« La discipline du yoga a été instrumentalisée »
Que ce soit au sein de la culture mainstream ou au sein de ces contre-cultures critiques du capitalisme, les idées véhiculées par le new age et leur vision de l'individu présentent des affinités avec l'idéologie néolibérale, faisant souvent de leurs adeptes, volontairement ou involontairement, des ambassadeurs de certains pans de cette idéologie. Du new age à la Silicon Valley, c'est l'histoire de cette mutation qu'il reste à expliciter, pour comprendre comment le yoga contemporain mondialisé est devenu une caisse de résonance de discours néolibéraux. (89)

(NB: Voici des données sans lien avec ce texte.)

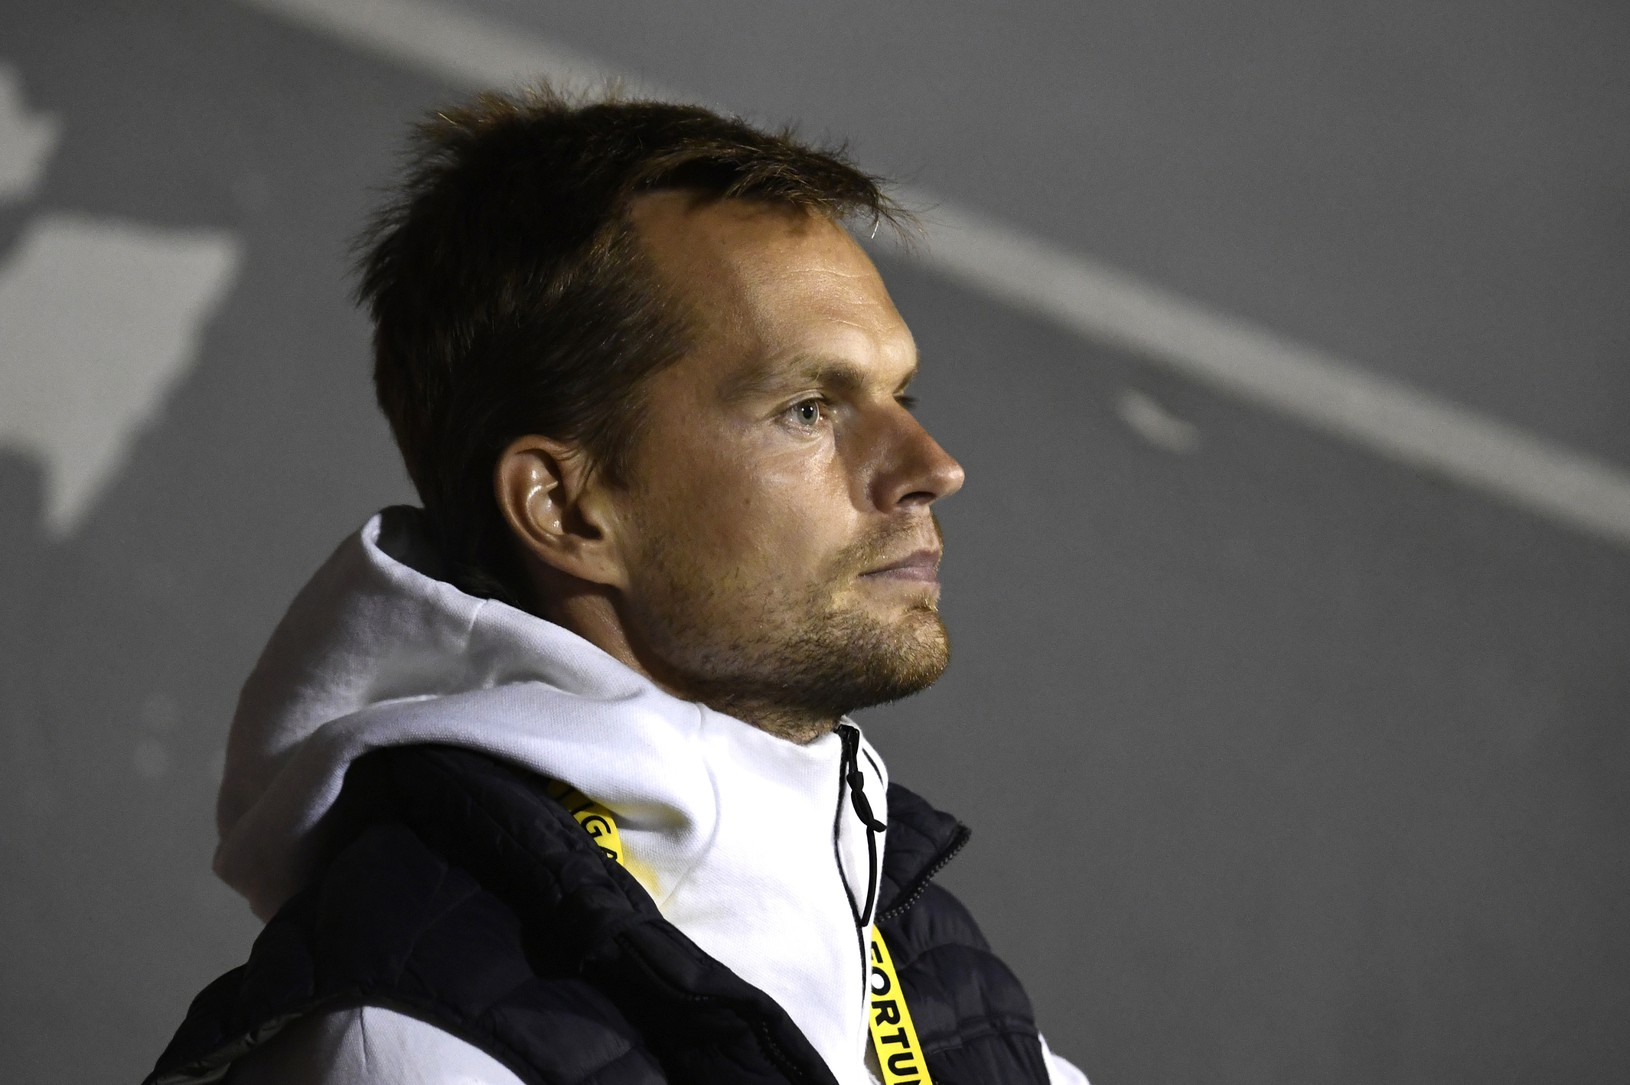 Tréner AS Trenčín Roman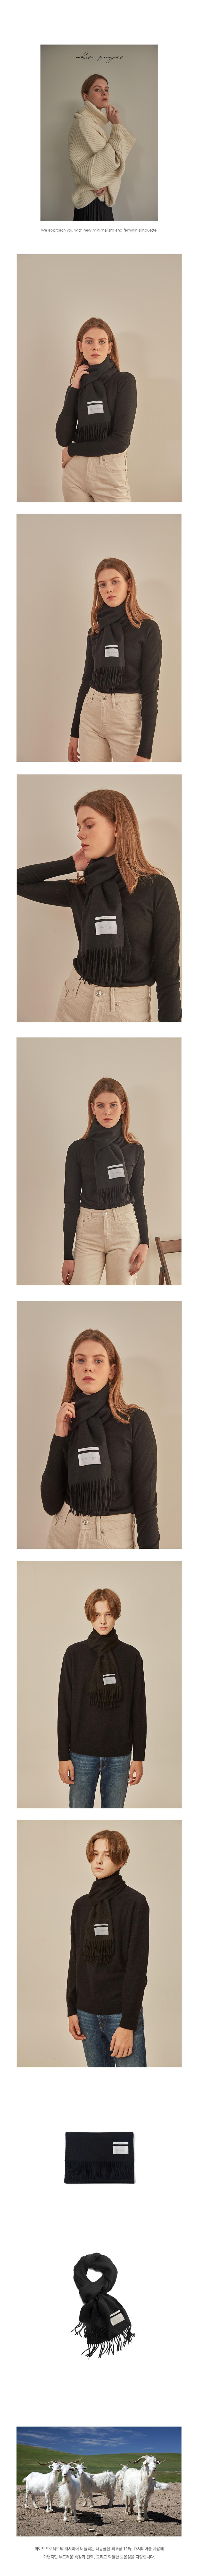 cashmere+black01.jpg

[…] j’ai été interpellé par les idées et représentations véhiculées dans ce milieu, au nom d’une philosophie ancienne : responsabilité extrême conférée à l’individu sur son bonheur, son destin, et sa santé ; apologie de la résilience, de l’adaptabilité et de l’acceptation ; exigence d’un travail permanent de perfectionnement personnel pour accéder à l’épanouissement. Ces impératifs de bien-être, de bonheur et de perfectionnement de soi érigés en nouvelle morale m’ont semblé étonnamment en phase avec certaines idées au cœur de l’idéologie néolibérale, qui laissent penser que le bien-être, le bonheur ou la réussite sont une affaire de stratégies individuelles et non des questions politiques ; qui encourage l’individu à se concevoir comme une petite entreprise à gérer selon une logique de compétitivité et de performance…
Ainsi , sous un discours en apparence libérateur, le développement personnel promeut une vision de l’individu conforme au sujet idéal du capitalisme néolibéral : totalement autonome et affranchi des conditionnements sociaux, volontaire, optimiste, résilient, adaptable, positif, performant dans tous des domaines. Sous couvert de réalisation personnelle et d’accomplissement de soi, il étend au domaine de la vie personnelle les logiques d’optimisation et d’efficacité initialement circonscrites au milieu de l’entreprise.
Cette généralisation de la biomorale permet commodément de faire reposer la responsabilité de sa santé et de son bien-être uniquement sur les efforts de l’individu, et de se détourner des dimensions politiques de la santé et du bien-être : démantèlement des services publics hospitaliers, multiplication des déserts médicaux, problèmes de santé liée à l’environnement (pollution, perturbateurs endocriniens, substance cancérigènes…), scandales sanitaires (amiante, chlordércone).
Pour reprendre les mots d’Iva Illouz et d’Edgar Cabanes, «la tyrannie de la pensée positive nous incite à croire au meilleur des mondes possibles tout en nous décourageant de concevoir le meilleur des mondes imaginables».